(Exercise prompt)
After locating "Veolia-logo", return its line and all lines that follow through the end of the listing below, exactly; leave out pictures.

(Data)
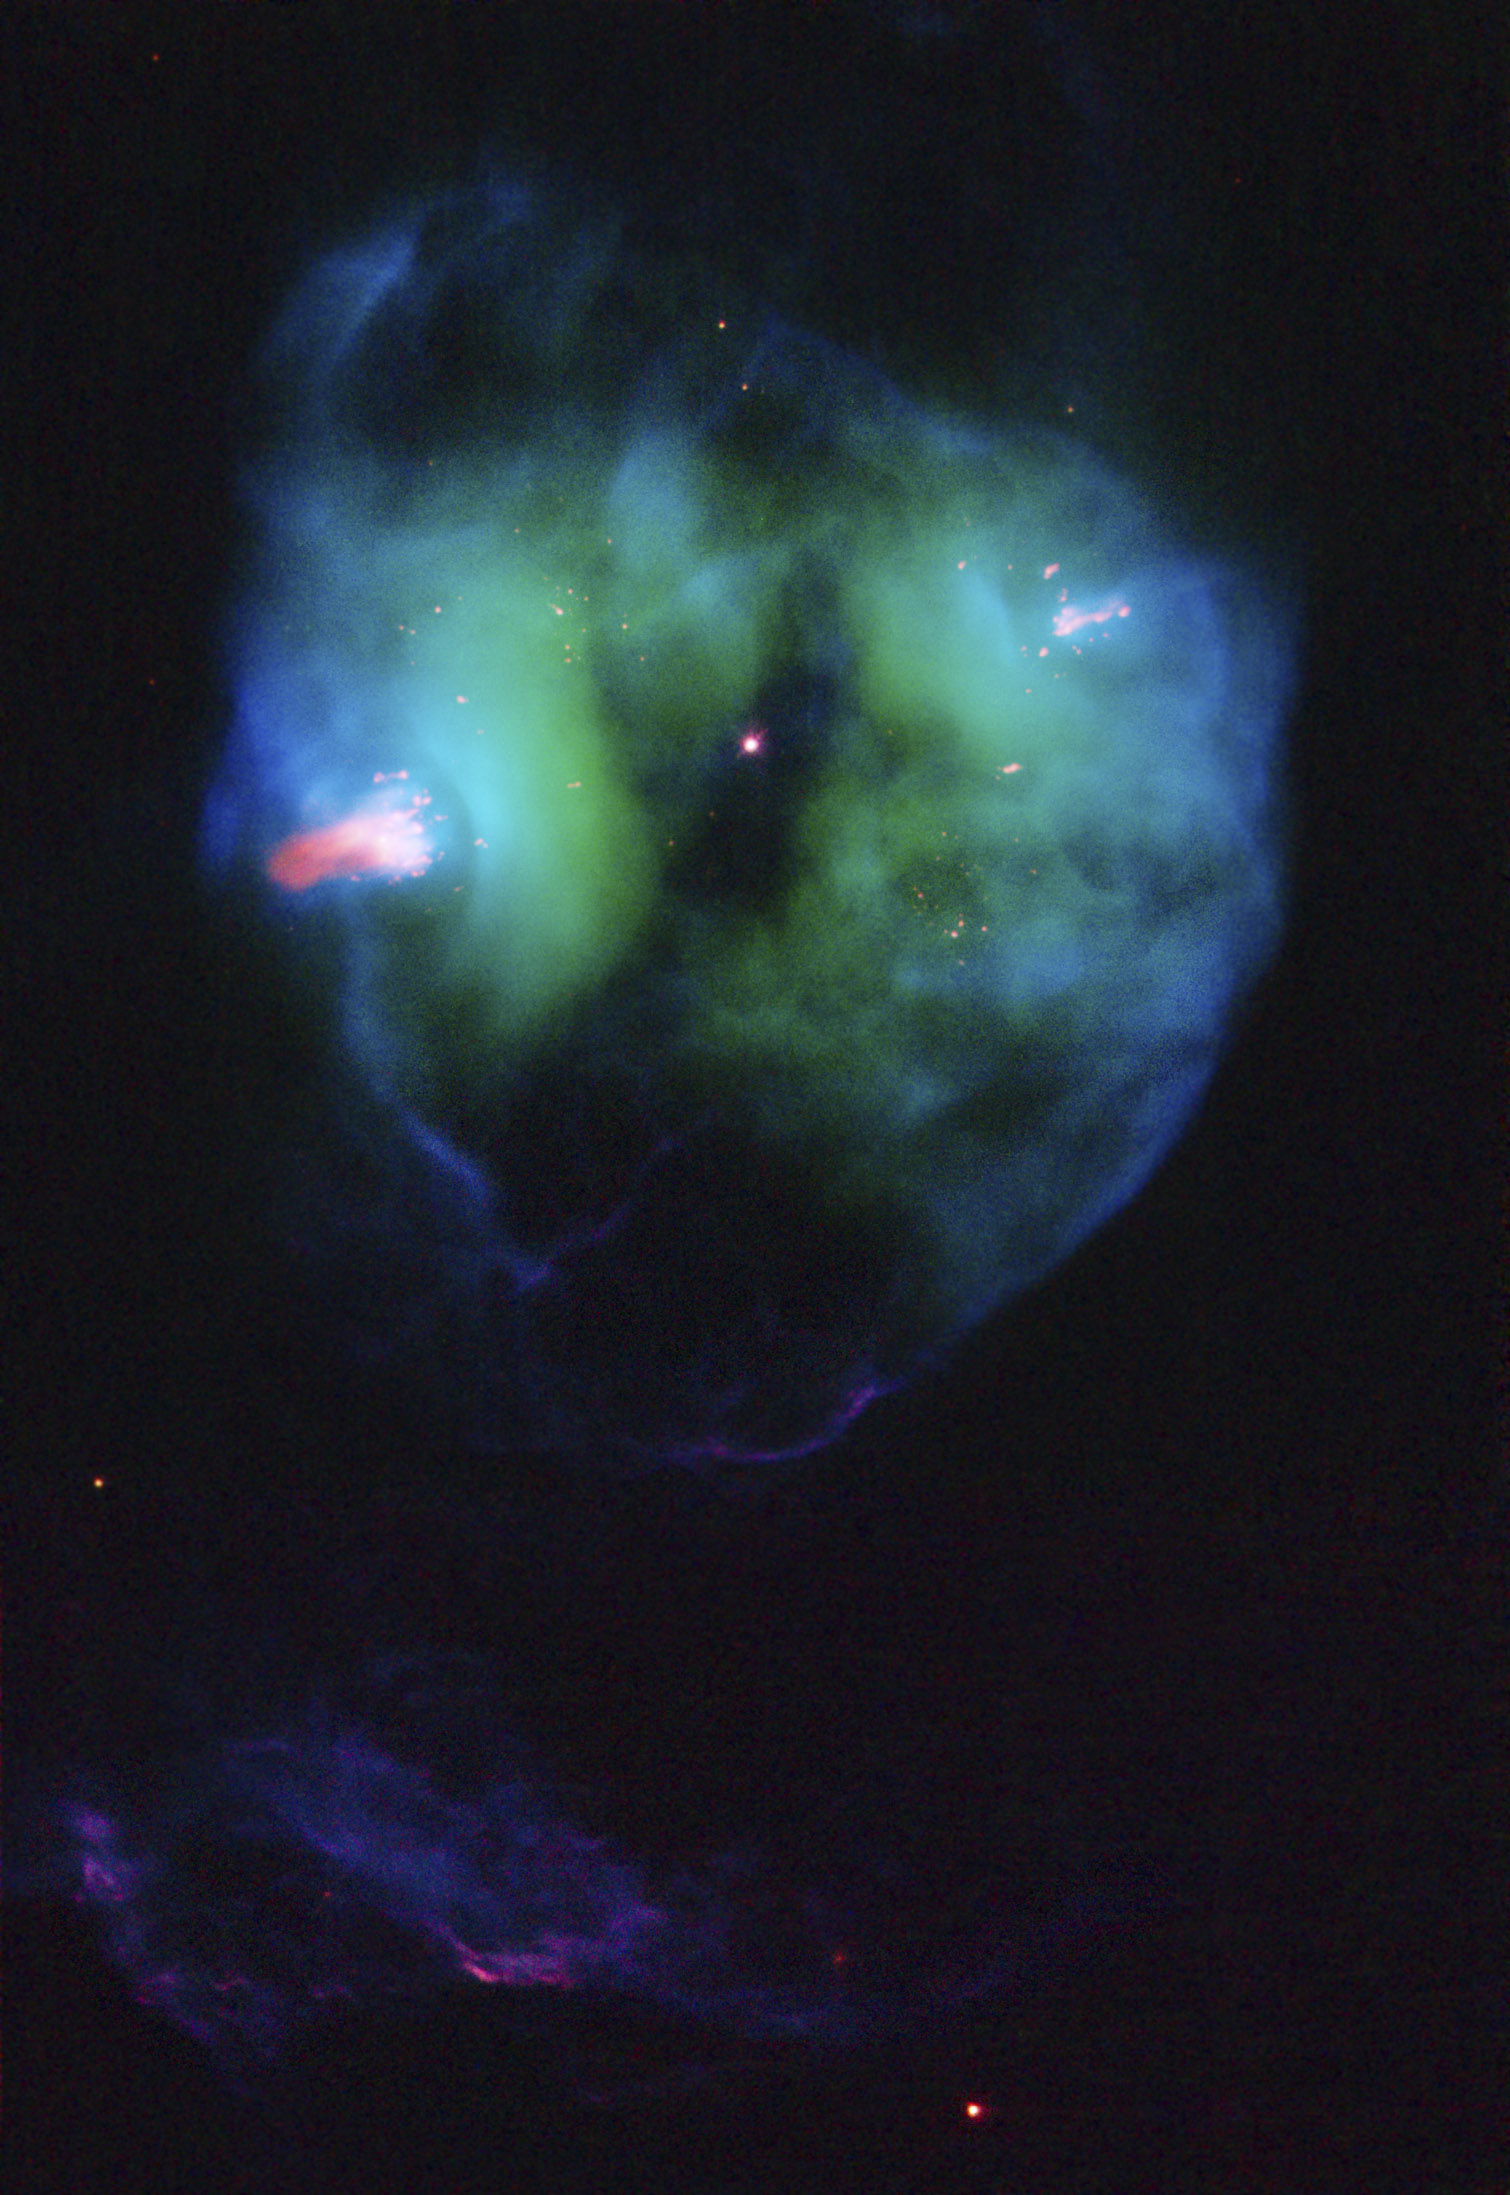 planetary nebula nasa
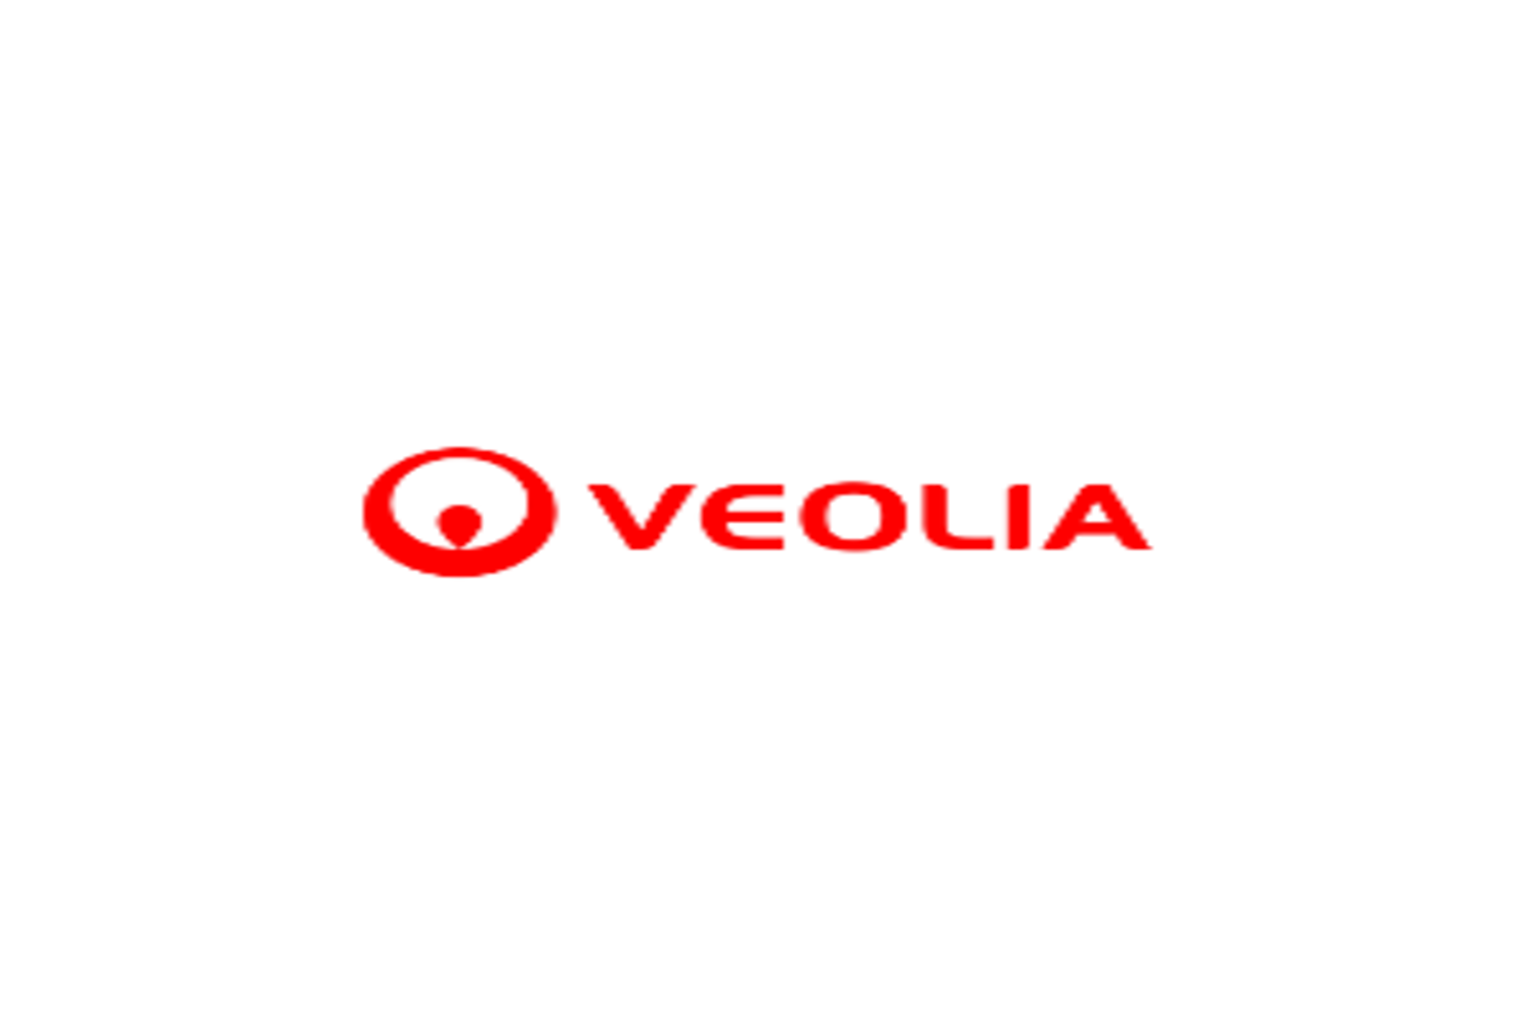 Veolia-logo
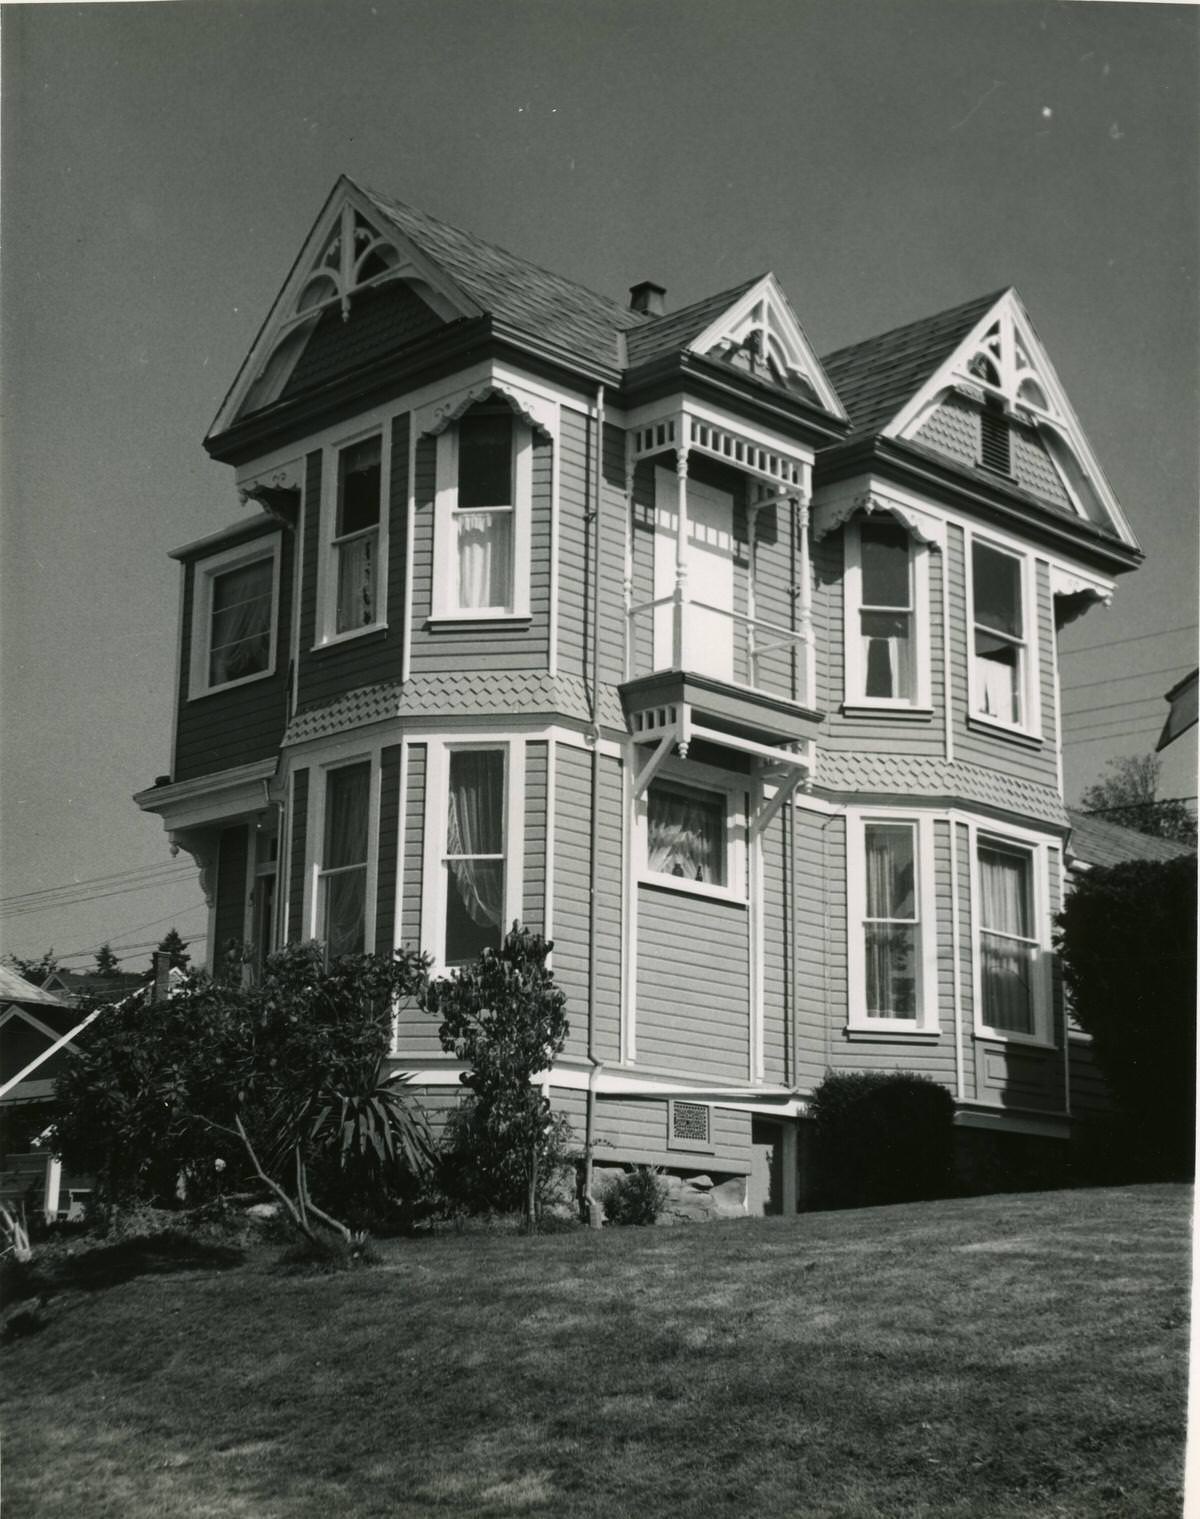 House on 15th Street, Bellingham, 1968

(Your response)
 Veolia-logo
 House on 15th Street, Bellingham, 1968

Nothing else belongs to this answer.